Préparer la garniture : le poulet fondant, plein d’épices et de caractère

Dans une cocotte, le poulet s’installe au cœur des épices : oignon émincé, cannelle, safran, gingembre et coriandre. Une cuisson douce, à couvert, laisse les sucs se mêler et donne une chair incroyablement fondante, prête à s’effilocher.

Faire revenir l’oignon avec une noisette de beurre, ajouter le poulet, puis les épices et la coriandre ciselée. Couvrir d’eau à hauteur, saler, poivrer, puis laisser frémir jusqu’à cuisson complète, environ 25 minutes, en gardant un bouillon bien parfumé.

Retirer le poulet, laisser tiédir et effilocher finement : plus les fibres sont régulières, plus la découpe sera nette. Goûter et ajuster l’assaisonnement, car c’est ici que naît l’équilibre entre épices chaudes et sel juste.

Le secret du goût concentré se joue ensuite dans la cocotte : faire réduire le bouillon de cuisson à feu moyen jusqu’à obtenir un fond plus sirupeux. Cette réduction enrobe la garniture et évite une pastilla détrempée, tout en intensifiant chaque parfum.

Dans ce bouillon réduit, verser les œufs battus et remuer à feu doux pour obtenir des œufs brouillés moelleux, presque crémeux. Ils doivent rester tendres, pas secs : cette couche fait le lien, comme une sauce prise, entre poulet et amandes.

Dans une poêle à sec, torréfier les amandes jusqu’à une couleur blonde, puis les concasser grossièrement. Les mélanger avec le sucre glace et la cannelle : ce croquant sucré est la signature, celui qui surprend dès la première bouchée.

Monter la pastilla : la technique des feuilles filo qui fait le “crac”

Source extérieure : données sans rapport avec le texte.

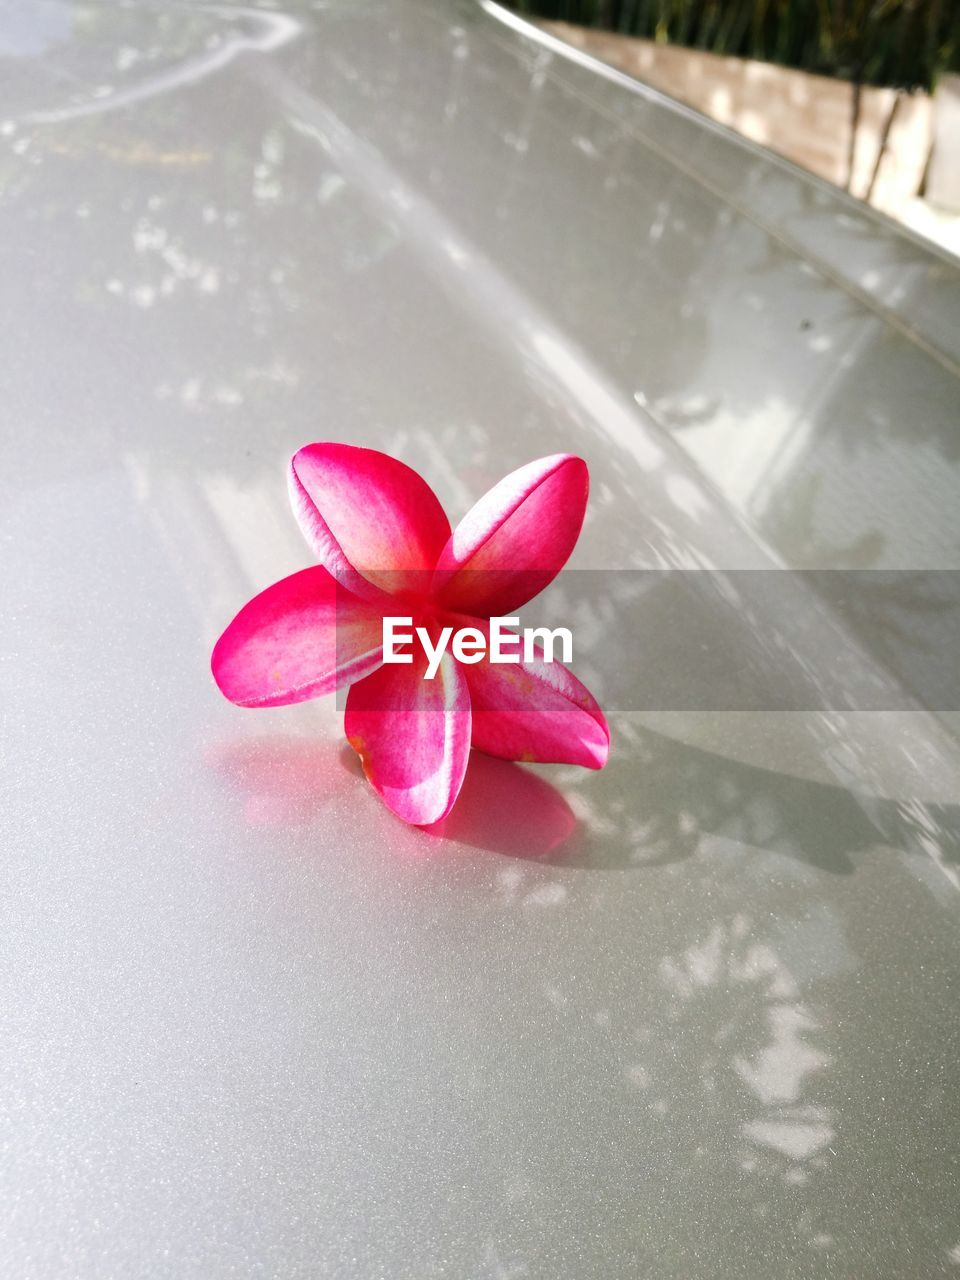 HIGH ANGLE VIEW OF PINK FLOWER

Préchauffer le four à 180 °C et beurrer le moule rond de 26 cm. Badigeonner une première feuille de filo au beurre fondu, la déposer en la laissant dépasser, puis recommencer pour superposer 6 à 8 feuilles en les croisant légèrement.

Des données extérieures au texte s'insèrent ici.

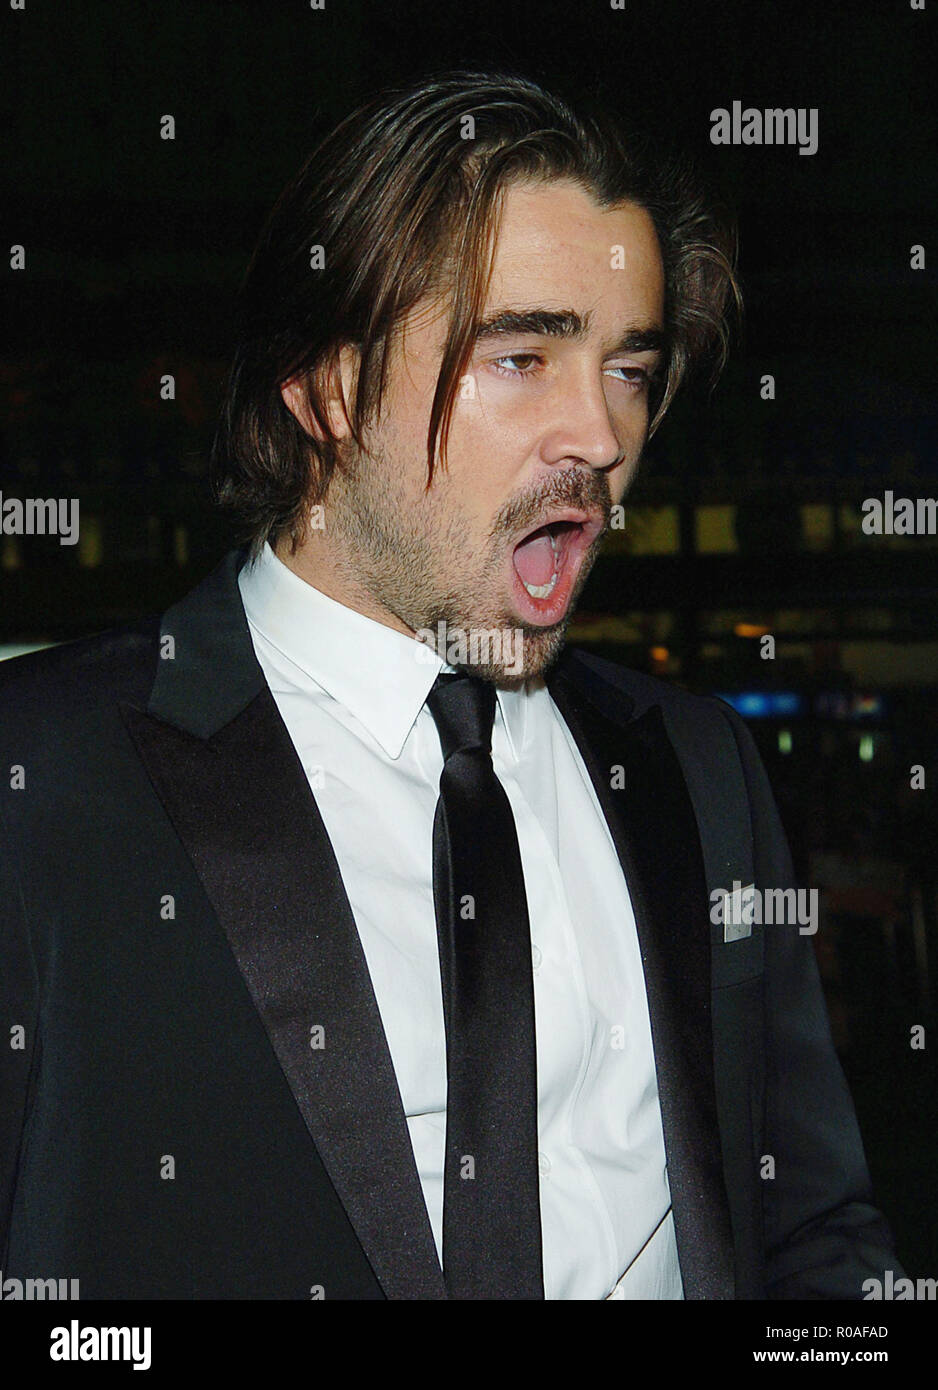 Colin Farrell arriving Alexander Premiere at the Chinese Theatre in Los Angeless. November 16, 2004.FarrellColin009 Red Carpet Event, Vertical, USA, Film Industry, Celebrities,  Photography, Bestof, Arts Culture and Entertainment, Topix Celebrities fashion /  Vertical, Best of, Event in Hollywood Life - California,  Red Carpet and backstage, USA, Film Industry, Celebrities,  movie celebrities, TV celebrities, Music celebrities, Photography, Bestof, Arts Culture and Entertainment,  Topix, headshot, vertical, one person,, from the year , 2004, inquiry tsuni@Gamma-USA.com Stock Photo

Étaler d’abord le poulet effiloché, puis la couche d’œufs brouillés au bouillon réduit, et terminer par les amandes sucrées à la cannelle. Ce montage en trois étages donne le contraste : salé épicé, moelleux soyeux, croquant sucré.

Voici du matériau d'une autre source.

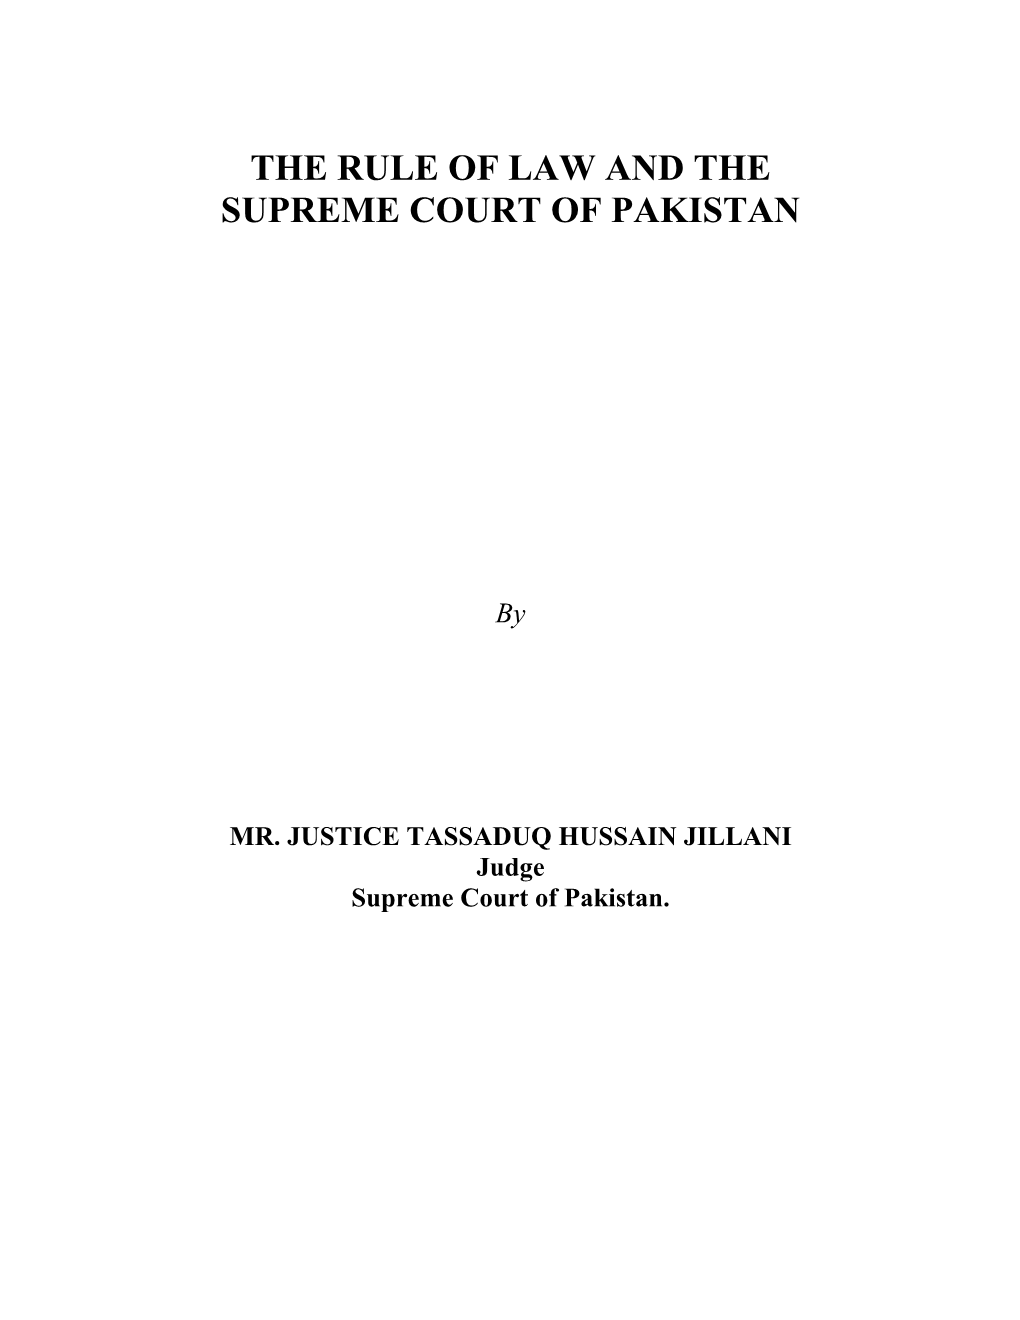 The Rule of Law and the Supreme Court of Pakistan

Rabattre les feuilles qui dépassent pour enfermer la garniture, puis ajouter 2 à 4 feuilles de filo beurrées pour bien sceller le dessus. Rentrer les bords, lisser, et beurrer la surface : c’est la clé pour une croûte uniformément croustillante.

Enfourner 25 à 30 minutes, jusqu’à obtenir une dorure franche, presque laquée. À mi-cuisson, surveiller : la filo doit rester légère, jamais brune, pour garder ce croustillant net.

Finition et dégustation : le contraste sucré-salé qui rend accro

Dès la sortie du four, saupoudrer généreusement de sucre glace, puis tracer des motifs croisés à la cannelle. Ce geste, spectaculaire et gourmand, annonce le duo culte : épices chaudes et douceur poudrée.

Attendre 5 à 10 minutes avant de découper pour une part plus nette, puis servir chaud ou tiède, comme une entrée de fête. À table, le premier coup de couteau déclenche le “crac”, et l’intérieur révèle ses couches parfumées.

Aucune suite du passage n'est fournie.